Sacramento, Calif., tea party (WND photo / Chelsea Schilling)
Crowds have long protested Congress with rally cries of “Throw the bums out,” and if recent polls tabulating tea party furor over government spending translate to votes in 2010, angry Americans may make good on their mantra.
Polls released by Rasmussen Reports this week demonstrate that – at least within the Republican Party – sitting incumbents who vote for increased government, taxes and federal bailouts risk voter backlash in the next election.
Sen. Arlen Specter, R-Pa., for example, is one of only three Republicans in Congress to vote for President Obama’s $787 billion stimulus plan. According to a Rasmussen poll released this morning, the 28-year senator now trails his 2004 GOP primary rival Pat Toomey in the polls by 21 points: 51 percent of Pennsylvania Republicans say they’d vote for Toomey in a 2010 primary, while just 30 percent would support Specter.
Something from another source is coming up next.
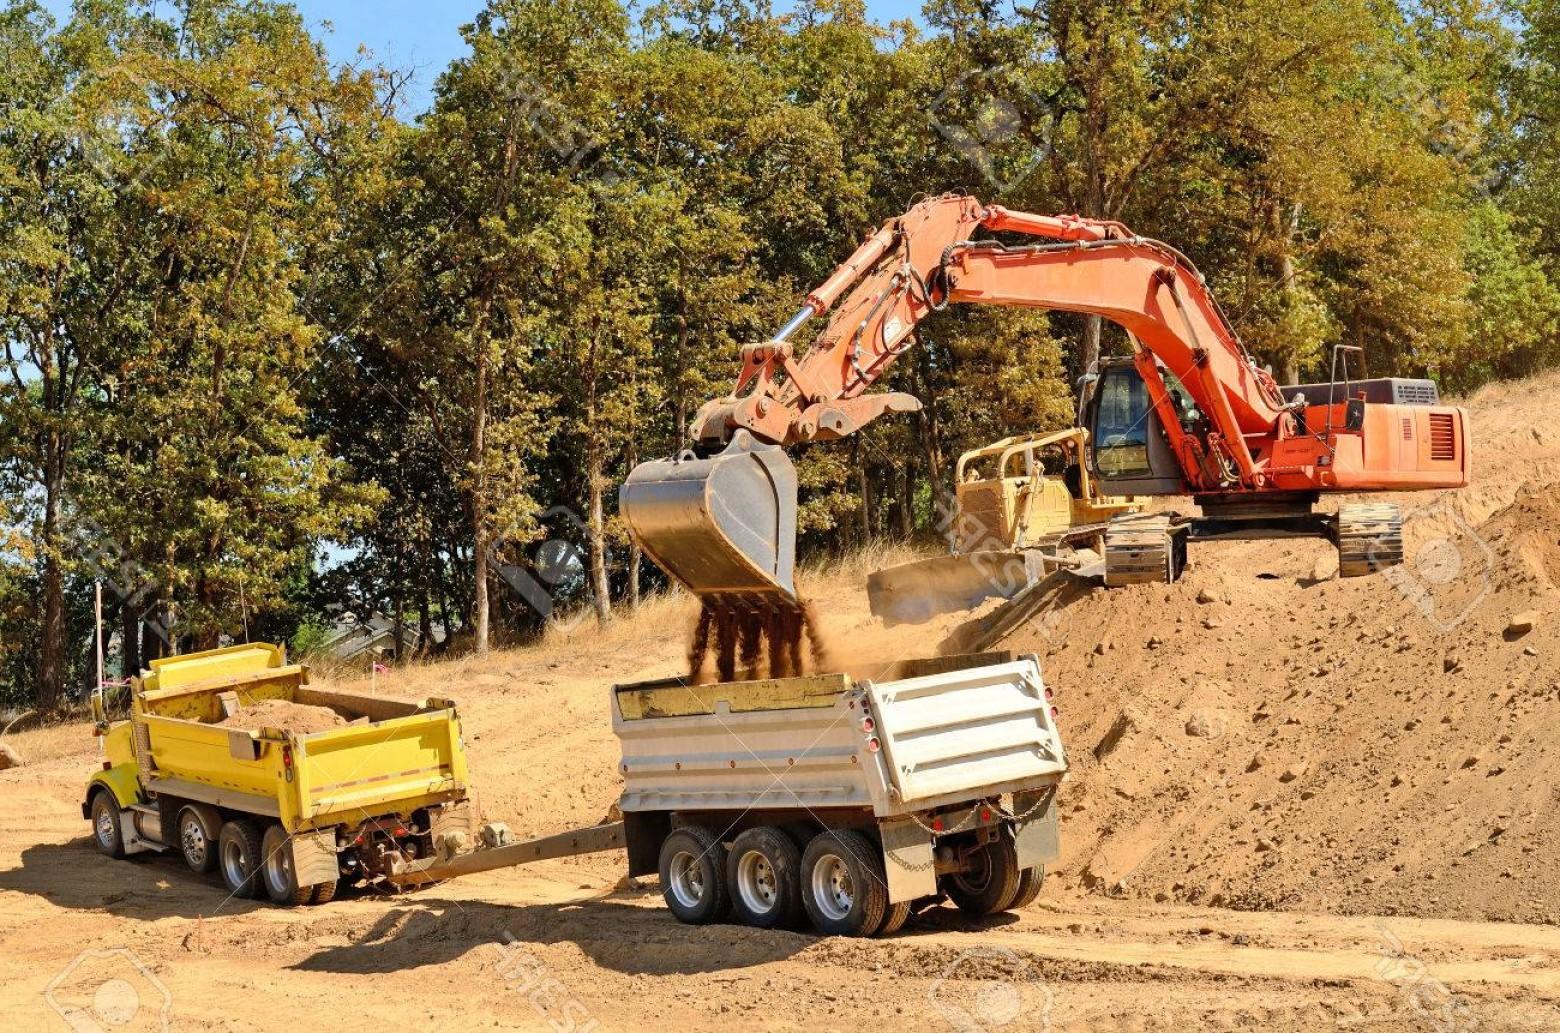 Photolarge track hoe filling. Excavator clipart rock quarry

A separate Rasmussen poll demonstrated that 58 percent of Specter’s Republican constituents cited his support of the stimulus package as reason for their waning support.
When asked in December about a possible challenger in the 2010 election, Specter told CNN’s “Late Edition,” “I never look over my shoulder, never look behind. Somebody may be gaining on me. I run with blinders. I’ll be prepared, whoever my opponents are.”
If Specter continues to vote in favor of increased government spending, however, his most troubling opponents in 2010 may not be from the Republican or the Democratic Party, but from the “tea” parties.
As WND has reported, on or around April 15, citizens gathered in nearly 2,000 U.S. cities to issue a coast-to-coast protest of increased government control, taxes and spending. More than 350 “tea party” protests are planned again for Independence Day.”
“We are leading a revolution, and this is the first day of that revolution,” Sacramento tea party organizer Mark Meckler said before the crowd that gathered at the California capitol. “Politicians will no longer be able to divide our nation. They are taking our money, and we aren’t going to stand here and take it anymore.”
(WND photo / Chelsea Schilling)
WND’s Chelsea Schilling was at the Sacramento rally, reporting on the “sea of red, white and blue U.S. flags waved above a large crowd that surrounded the building and spilled into city streets.”
“We’ve had it!” Meckler shouted. “We’re tired of being punished by politicians!”
According to Schilling, the crowd cheered wildly and drowned out Meckler’s voice, chanting, “Vote them out! Vote them out!”
According to the Rasmussen polls, it’s a chant Republican incumbents in particular need to heed.
In Specter’s state, the poll found that 79 percent of Pennsylvania Republicans have a favorable opinion of the tea parties, and 30 percent knew someone personally who attended. Overall, 82 percent of Pennsylvania Republicans agree with the partiers that the federal government has too much money and too much power.
Nationally, Rasmussen reports that 51 percent of all Americans view the tea parties favorably, while 33 percent view them unfavorably. Among Republicans, however, the number climbs to 83 percent favorable.
Rasmussen also created a unique distinction in polling numbers by separating results into “Mainstream” voters and “Political Class” voters, which produces an even more dramatic referendum on the tea parties.
Rasmussen poll respondents were categorized Mainstream if their answers to three questions indicate that they trust the judgment of the public more than political leaders, view the federal government as a special interest group and believe that big business and big government work together against the interests of investors and consumers. Political Class respondents answered in the opposite of Mainstream views.
According to Rasmussen, the Mainstream perspective is generally shared nearly equally across the spectrum by Democrats, Republicans and affiliated respondents. Polls further indicated that 55 percent of Americans are Mainstream and only 7 percent fall into the Political Class; when “leaners” are included, 75 percent lean toward the more populist views and 14 percent lean the other way.
When examining the tea party movement in those terms, not only do Mainstream Republicans overwhelmingly back the tea party protests, but Rasmussen also discovered that 54 percent of Mainstream Democrats held a favorable opinion as well.
Furthermore, when separating the tea party gatherings themselves out of the equation, Rasmussen discovered Americans overwhelmingly support the protesters’ ideals of smaller government, lower taxes and less federal spending.
According to a Rasmussen poll earlier this week, 60 percent of Americans agree that the government has too much power and too much money. Among Republicans, 88 percent agree, while 62 percent of unaffiliated respondents and 35 percent of Democrats agree.
When factoring in the divide between Mainstream and Political Class respondents, however, Rasmussen discovered that a whopping 85 percent of Mainstream Americans – regardless of political party affiliation – agree with the common tea party protest that the government has too much power and too much money.